Black and Blue and In Need Of Option Two

Cardiff Blues 25 – 8 Edinburgh Rugby

We’ve become accustomed to seeing Edinburgh romp in with tries. Edinburgh are the entertainers. The offloading chancers who have been able to score more than the opposition if that’s what a win needs. Down in Cardiff, though, when faced with the brutes in blue they seized up and played a game they could never win.

The first half was a fairly even affair. For a lot of that forty minutes there was no shape and this was demonstrated in the first 10 when McInally made a half break into an unseen bit of space in the opponent 22. The ball was popped along and, with the field in front of him shattered, Nick De Luca opted to try the drop goal. He hit it well but the ball rocketed off the post and Cardiff scrambled to clear their lines. This was the type of game Edinburgh played for the first part of the half.

As Edinburgh tried to play in the open with their plan A –hitting up with Denton in the middle and Visser out wide –Cardiff’s own plan A looked to be taking shape. They ran with a blitz in defence, scratching interference in the ruck and a dull thud in attack.

The first points were scored from Cardiff’s sizeable pack chipping away into Edinburgh territory and as they shoed players in black out of the way Dan Parks sat well behind his enforcers and fired a drop goal between the posts. 3-0 to the hosts after 15minutes.

 The game was perhaps tense because of how important it was. With both teams unbeaten the winner would have the advantage in the group to take to Murrayfield next week.
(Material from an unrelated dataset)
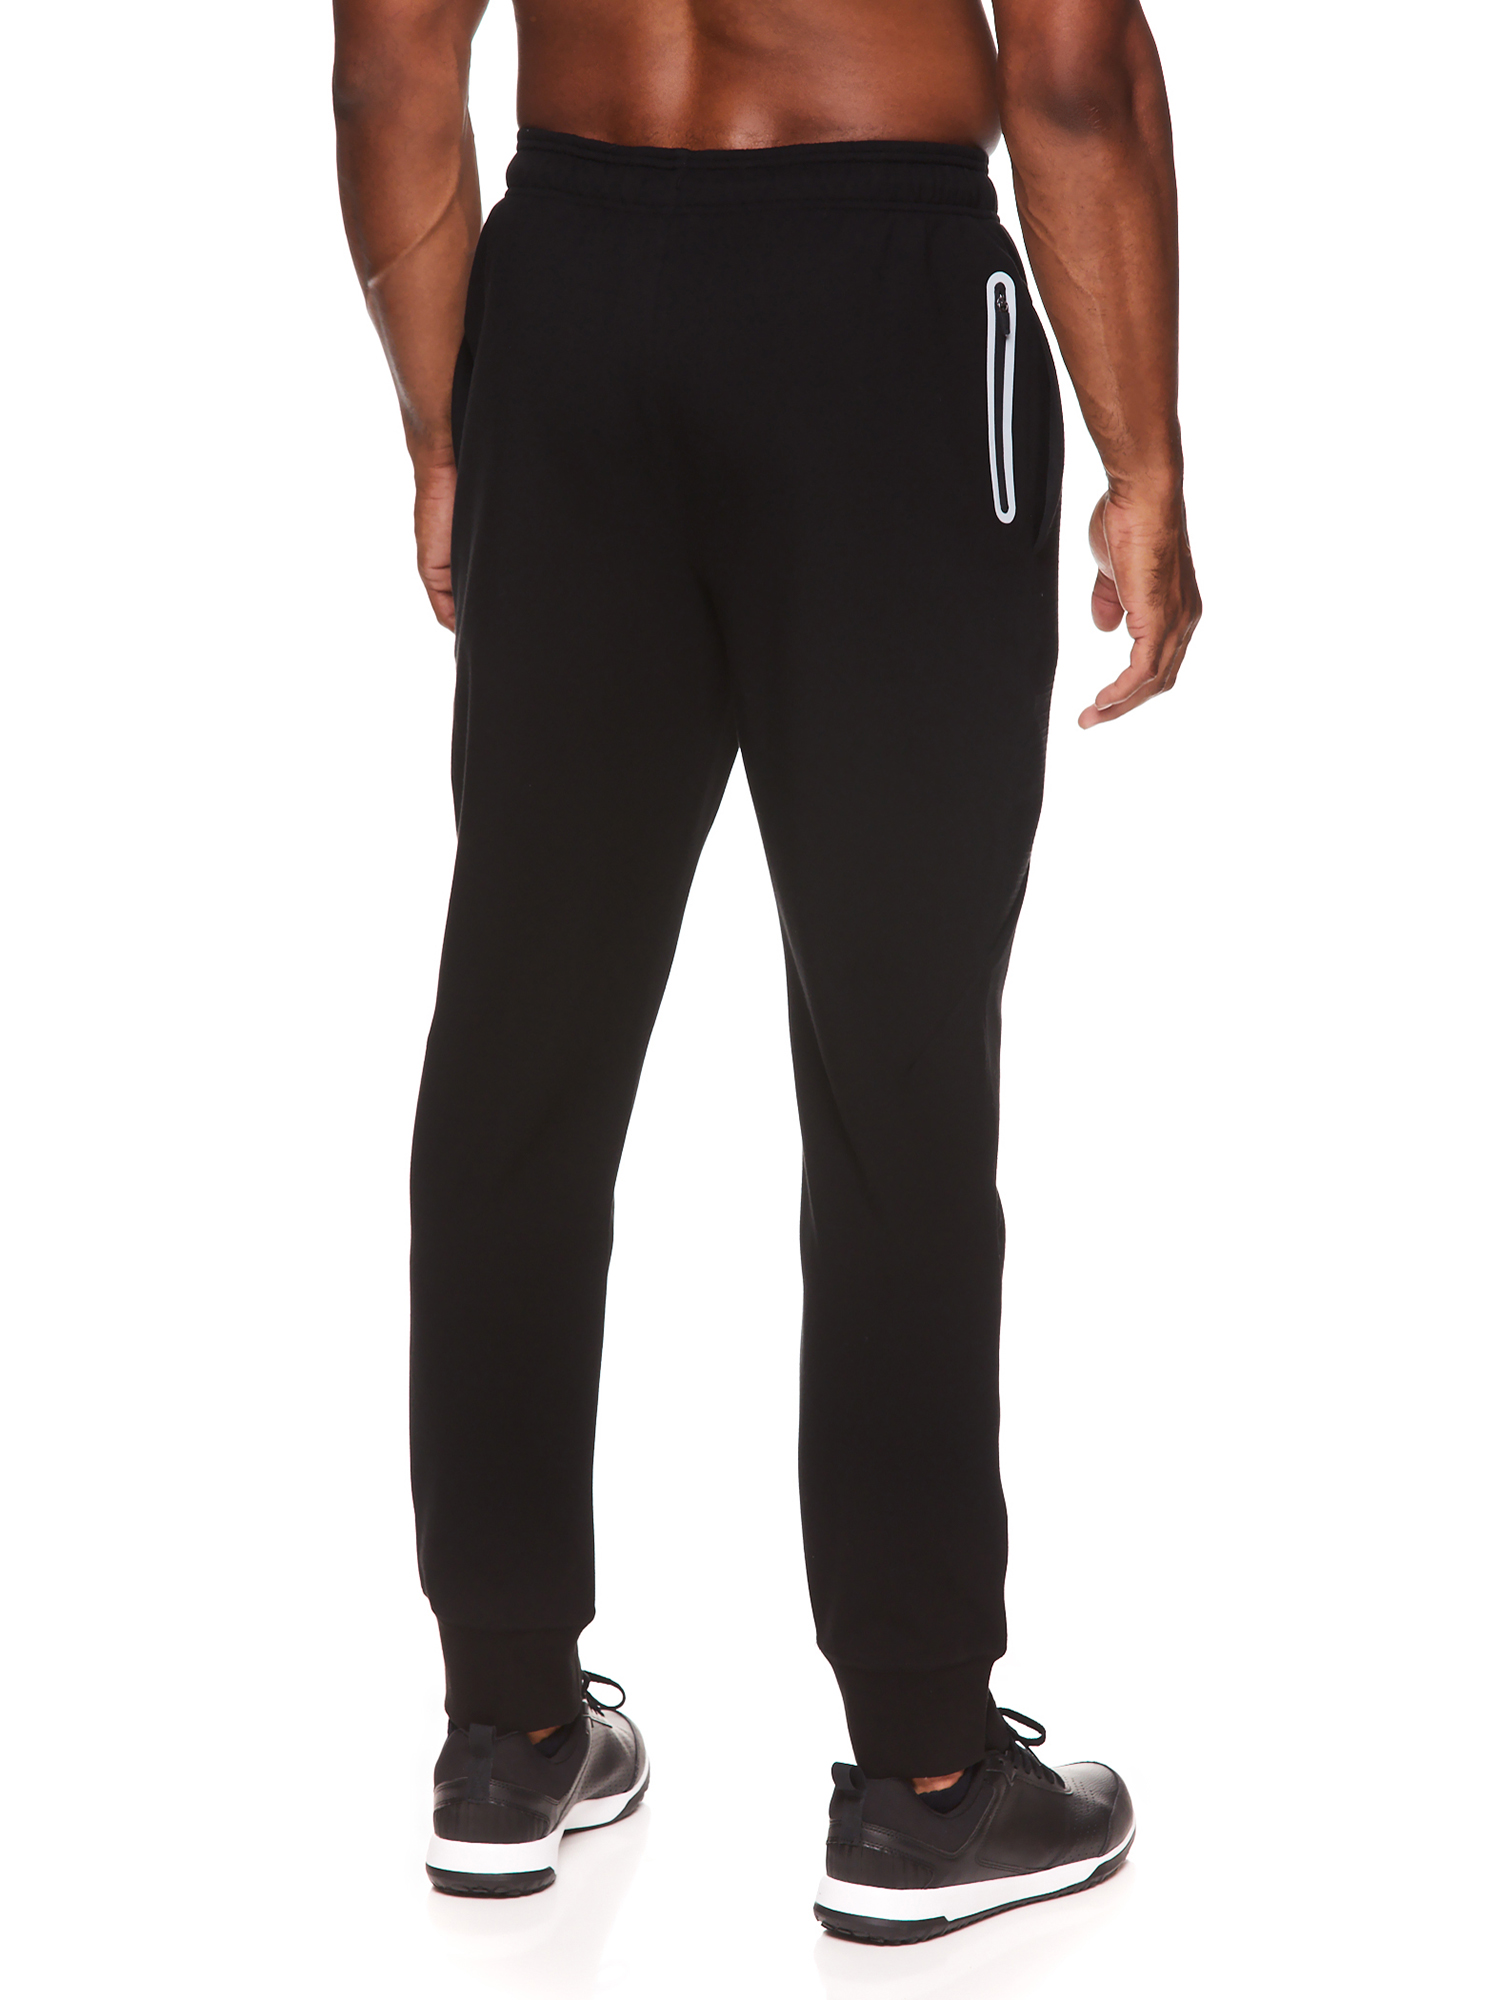 Reebok Men's and Big Men's Active Skybox Pant, up to Size 3XL - image 2 of 4

Instead of inspiring both teams to let balls fly and imaginations to fizz they both opted to for the dull option of tightening up.

The problem with this was that Cardiff were better at it than Edinburgh.

The half ended with a kick to Laidlaw’s name and another to Parks. The score at the whistle was 6-3 and there was a hope that Edinburgh could hang in there and maybe rob a result. However they were getting manipulated and tugged up front by the veterans Paul Tito and Xavier Rush and bludgeoned by the likes of Warburton and Laulala. This was too much for young Harry Leonard who looked fearful of the blues blitz and he was substituted out for Mike Blair after 36 minutes.

This certainly affected the second half. Edinburgh’s backline looked a bit flatter and they came out knowing they were in a game. Unfortunately for them Cardiff came out in the second half even more determined to bore their way to victory.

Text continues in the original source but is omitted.